Category Archives: Dealing With Personal Calamities

My Year In Review: Guest Post by Doug Dandridge

My Year In Review

I had planned for 2016 to be my best year yet, moving forward with all my writing projects, and doing the ground work to build a larger readership. As some of you may know, I do this writing gig fulltime, it is my job. As this year closes out, I have sold about 200,000 books, eBooks, paperbacks and audiobooks. I was hoping to pass the half million dollar gross income level as an independent for the four years I had been doing it. I was planning on releasing seven books, as well as finishing off an effort I was hoping to interest Baen books in. Unfortunately, things don’t always work as planned.

As the year dawned, I had just returned from a workshop cruise in December (Sail To Success), and had taken a belt test for Kempo Karate. I had been feeling my best in years, and I was planning on putting out five thousand words a day, which would put me at almost two million words. I really didn’t think I would do that, but a million seemed like a possibility. Then, in January, I started losing energy. Every morning I woke up feeling like I had fought a battle the night before. I kept on writing, but not at the level I wanted, and the workouts went out the window. In March my primary care physician told me she thought I had sleep apnea. Now, since I go to the VA, this didn’t mean I would get immediate treatment. It took two months to get the sleep study, followed by another sleep study, and four months after my primary told me her thoughts I finally got my CPAP. It has made a world of difference, and I started working out again. Still not at one hundred percent, but I can see it coming.

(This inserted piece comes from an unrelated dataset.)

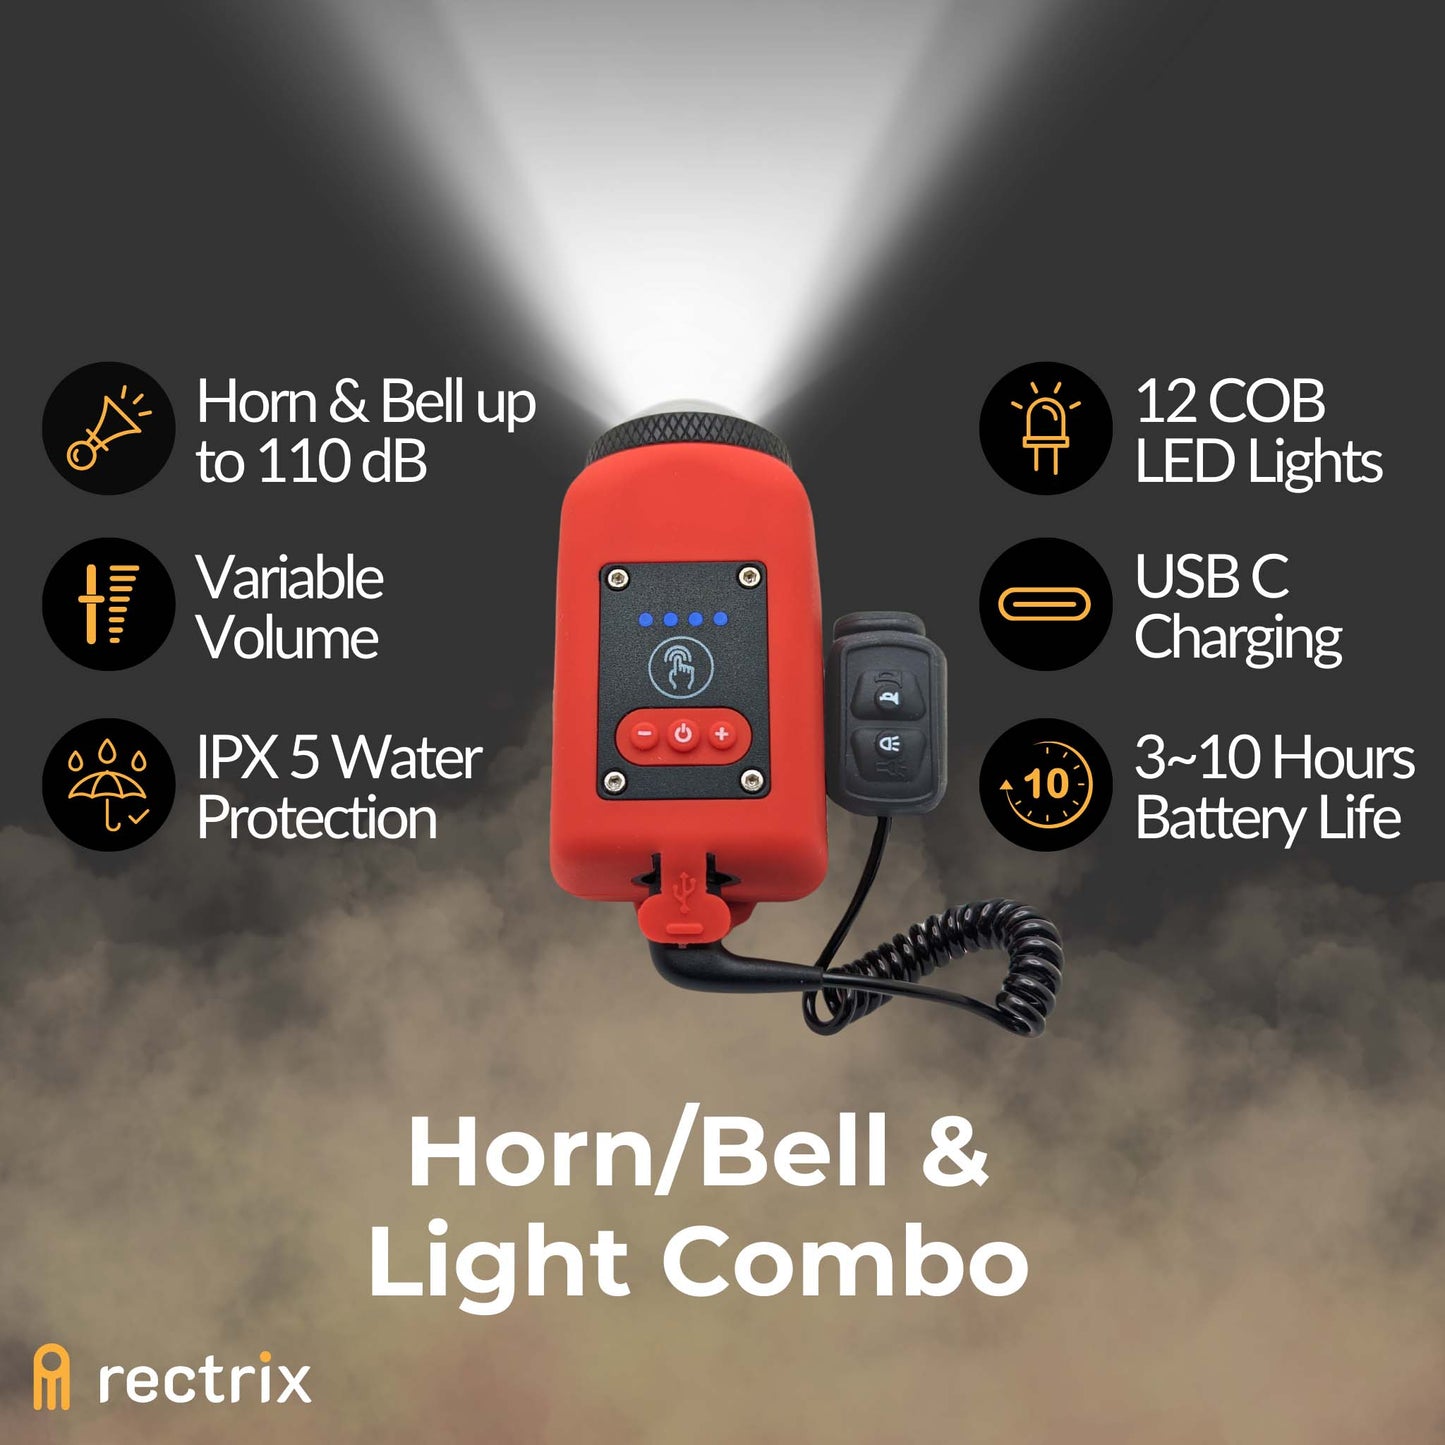 Highlighting key features of the bike horn/bell and light combo

Now that that’s out of the way, what did I do with my year? To start off I put out a book I had on my hard drive for five years, just so I could get something out. The first of the second trilogy of The Deep Dark Well series, it did well enough. I also put out a collection of short stories set in the Exodus Universe, a little under 70,000 words, and sold about five thousand copies in the first three months, about what the first, shorter volume had done. The production company that does my audiobooks put out Exodus: Empires at War: Book 5: Ranger, which did okay, though I’m not sure if sales were enough to convince them to do book 6. Time will tell. In May I put out Exodus: Empires at War: Book 10: Search and Destroy. While the book sold well, it was probably my weakest reviewed novel since the first of the series, many people thinking it was just a placeholder novel, which it kind of was. That taught me something about series, something I will avoid in future efforts. In August I put out Book 11: Day of Infamy, which met with much better reviews. I had planned to have that book out by the end of June, but the sleep apnea interfered. I started to work on Exodus: Machine War: Book 3 and finally got it out the door on November 20th. I have also put out some short stories for anthologies, and did some of the planning on future series. Not my most productive year, but still enough to make more than twice what I made in a year at my old day job.

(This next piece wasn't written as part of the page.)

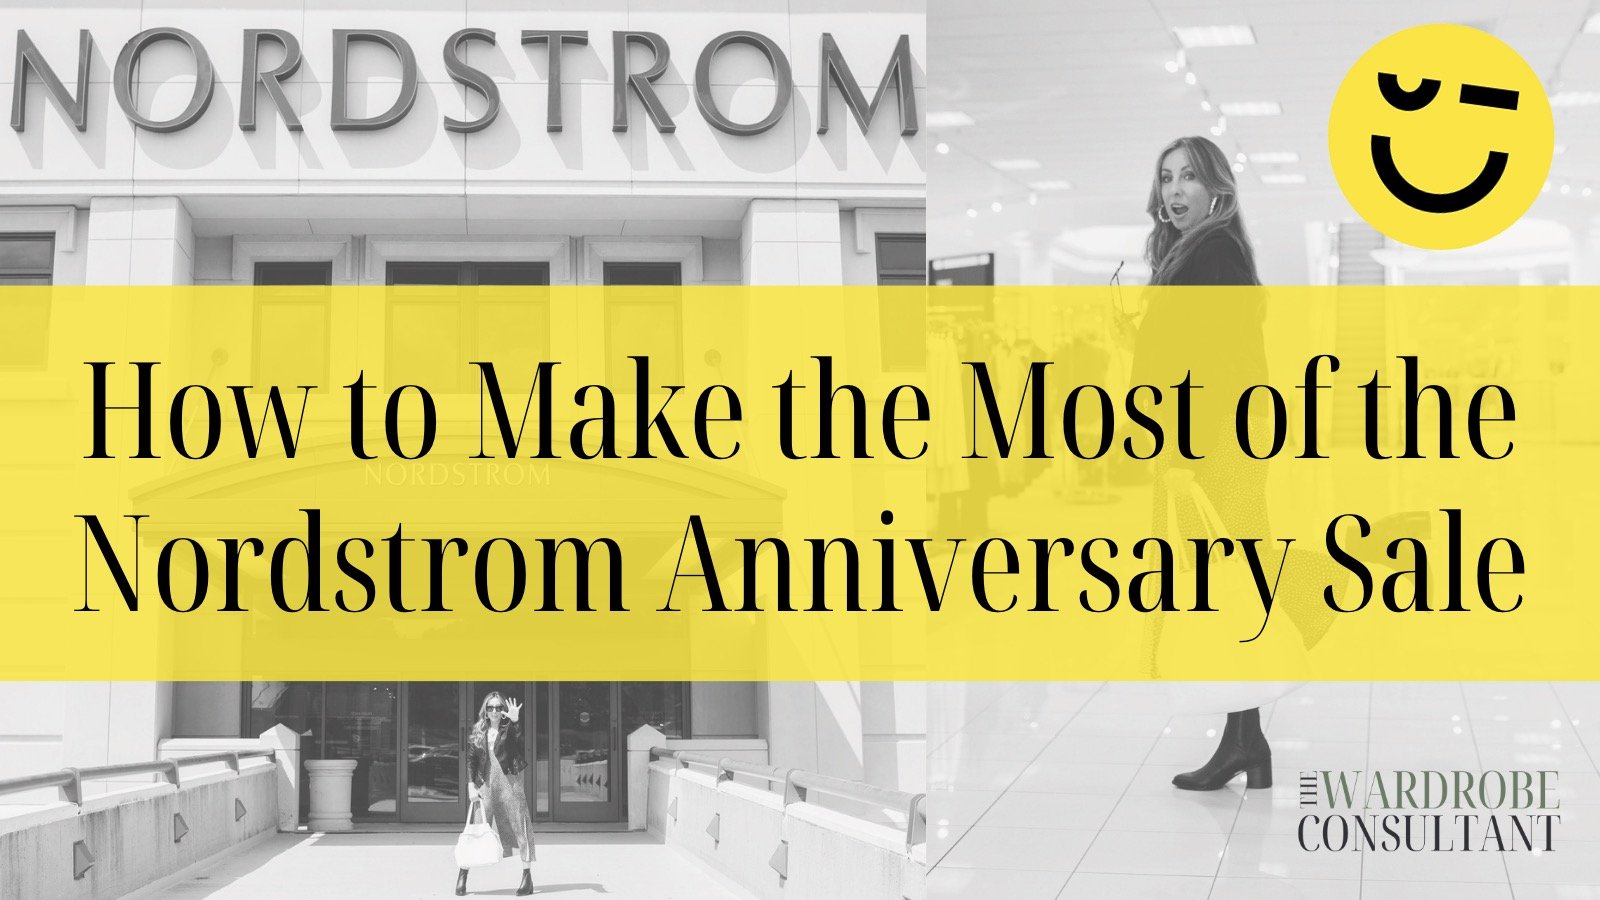 My In-Stock Nordstrom Anniversary Sale Picks For Public Access

I attended three conventions this year, starting with Pensacon, where I was merely a visitor and spent some time with my Superstar Friends. In July I went to Libertycon in Chattanooga, where I sat on two panels and moderated a third. Good practice. Dragoncon in September, and this year I was able to get two panels, one on the writer’s track, and a really fun one in the scifi lit track called starship showdown. I have been told I will get even more next year, and I am planning on putting in an application as a Dragoncon guest. We can always dream. And I was invited back to Sail To Success this year as a Student/Instructor, at a hefty discount, so I can give my take on Indie Publishing on two panels. Add to that, I have been invited to next year’s Florida Writer’s Association con as a faculty member.

The year didn’t go as planned, but I still was able to work my dream job and make a good living at it. Hopefully I will do better this next year, and if I don’t? No problem, I will still be happy.

 

Doug’s Bio:

Bio – Doug Dandridge

Doug had been writing since 1997, and had garnered almost three hundred rejections from publishers and magazines before trying his hand at self-publishing on December 31, 2011. A little over a year later he quit his day job with the State of Florida, and has been a full-time author ever since. Doug has published thirty-one books on Amazon, and has sold over two hundred thousand copies of his work. His Exodus books, with eleven volumes in the main series, plus five in the two spinoff series, have sold over a hundred and seventy thousand books. They have consistently hit the top five in Space Opera in the UK, as well as top ten status in the US. Doug likes to say that he does not write great literature, but entertainment, and his fans agree enough to keep buying his work. He has well over three thousand reviews on both Amazon (4.6 star average) and Goodreads (4.12 star average).

Doug attended Florida State University (BS, Psychology) and the University of Alabama (MA, Clinical Psychology). He served four years in the Army as an Infantryman and Senior Custodial Agent, followed up with two years in the National Guard. A lifelong reader of the fantastic, he had an early love for the classics of science fiction and fantasy, including HG Wells, Jules Verne and the comics of Stan Lee and Jack Kirby. He writes fast moving, technically complex novels which appeal to a hardcore fan base. He has plans for several future series, including several space operas, a couple of classic fantasies, some alternate history, and even a post-apocalyptic tale. He puts out about five books a year, and still has time to attend several conventions, including Dragon Con and Liberty Con. This year he added board member of Tallahassee Writers Association to his resume’.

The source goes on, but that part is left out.